NAIROBI - August 7 is Kenya's 9/11, the day of the worst terrorist attack in the country's history. On this day 20 years ago, a truck bomb destroyed the U.S. embassy in Nairobi, killing 213 people, most of them Kenyans. In Nairobi, hundreds gathered Tuesday to remember victims of the brutal attack.
Pamela Olum was in the hospital the day of the embassy bombing. Three days earlier she gave birth to her third child.
She says her husband came to see her at Mater hospital and to pay the bill. He gave her 5,000 shillings for her 17,000 shilling bill and left for the bank to get the rest of the money. Olum says he left, and she never saw him again.
Lawrence Olum was one of the people killed on August 7, 1998, when al-Qaida exploded truck bombs in front of the U.S. embassies in Nairobi and in Dar es Salaam, Tanzania. The attacks killed a total of 224 people and injured nearly 5,000.

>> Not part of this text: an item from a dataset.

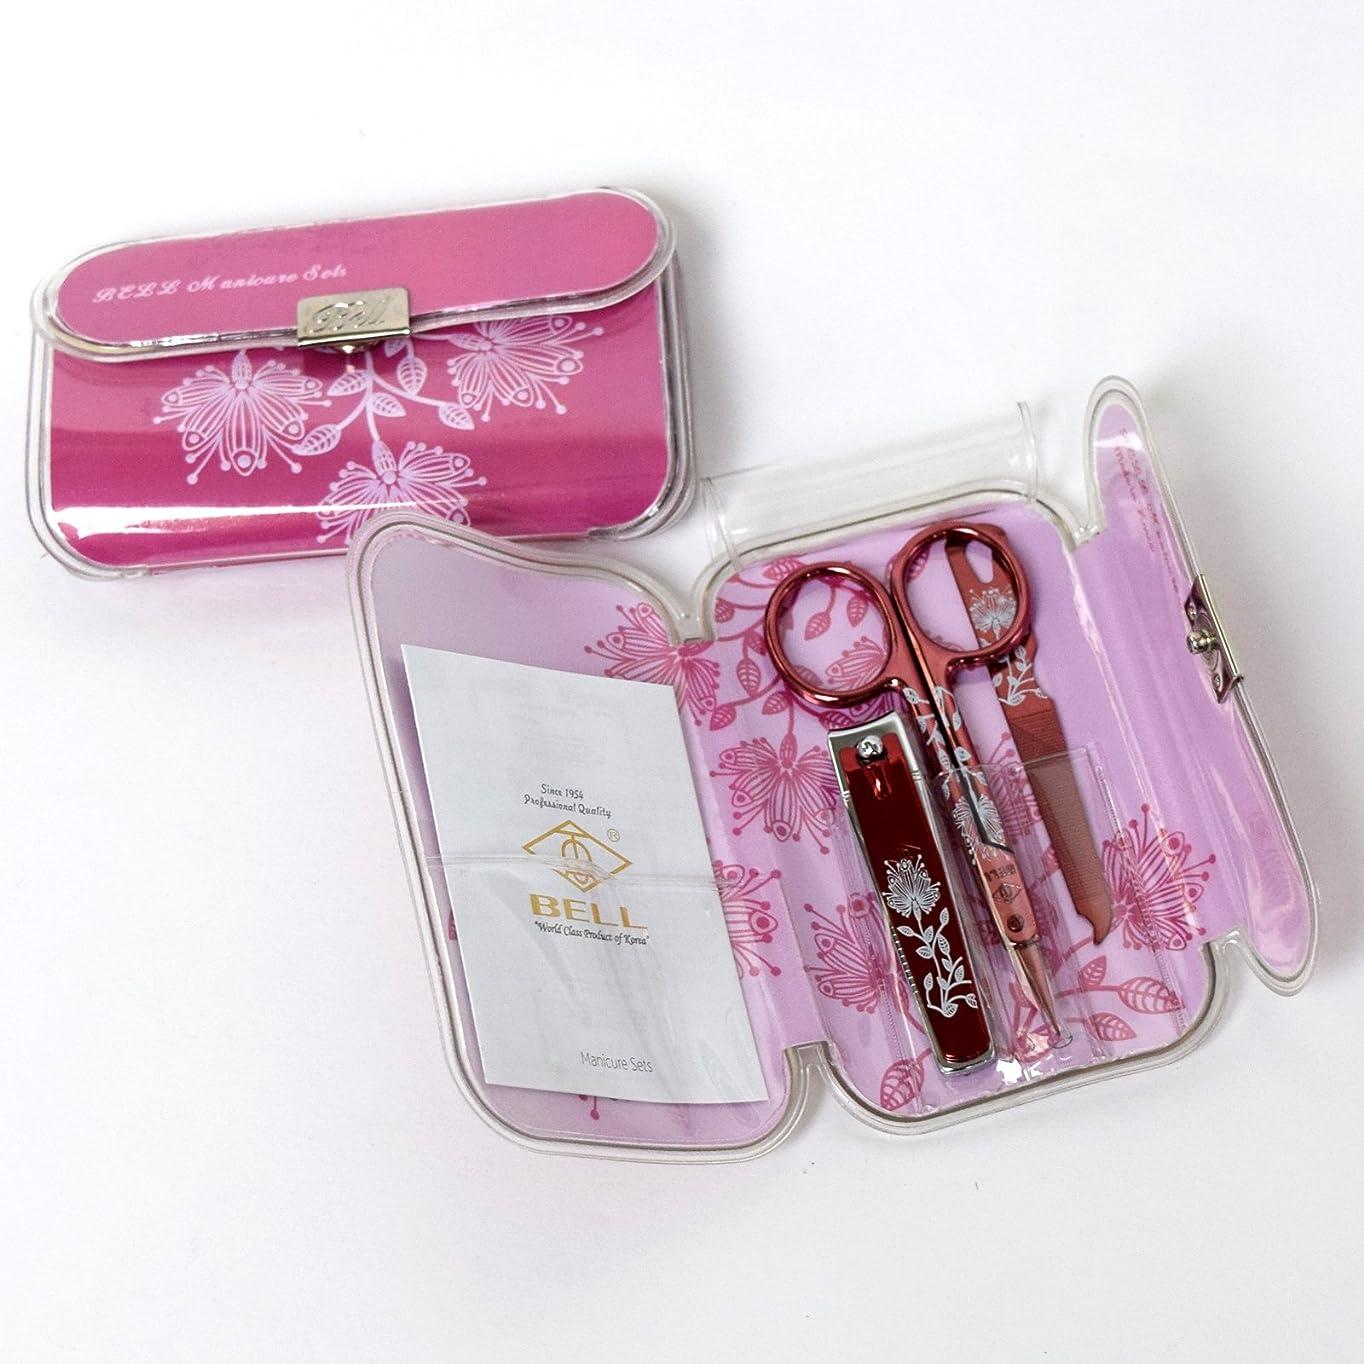 ラメトラブル騒BELL Manicure Sets BM-330D ポータブル爪の管理セット 爪切りセット 高品質のネイルケアセット高級感のある東洋画のデザイン Portable Nail Clippers Nail Care Set

Survivors and families of the victims of the 1998 U.S. embassy bomb attack in Nairobi, Kenya, spoke of forgives but urged others never to forget the event that shattered their lives. (M. Yusuf/VOA)
On Tuesday, about 200 people, including survivors, gathered at a memorial park in Nairobi to honor victims of the attack and offer prayers.
Participants lighted candles and laid flowers as a sign of remembrance.
Teddy Gianopulos came to honor her sister, who worked at the U.S. embassy at the time of the bombings. She was 51 when she was killed.
"There is not a day we forget her, she is very much alive in our minds. But this day is a painful day for all of us her family, her children, her grandchildren which she did not get to see," said Gianopulos.
Kenya National Counterterrorism Center Director Martin Kimani says his country still faces the threat of terrorism.
"Kenya was injured extraordinarily 20 years ago, and today, 20 years later, Kenya remains threatened by terrorism and terrorists but our country has taken giant strides to prepare better, to be more ready," said Kimani.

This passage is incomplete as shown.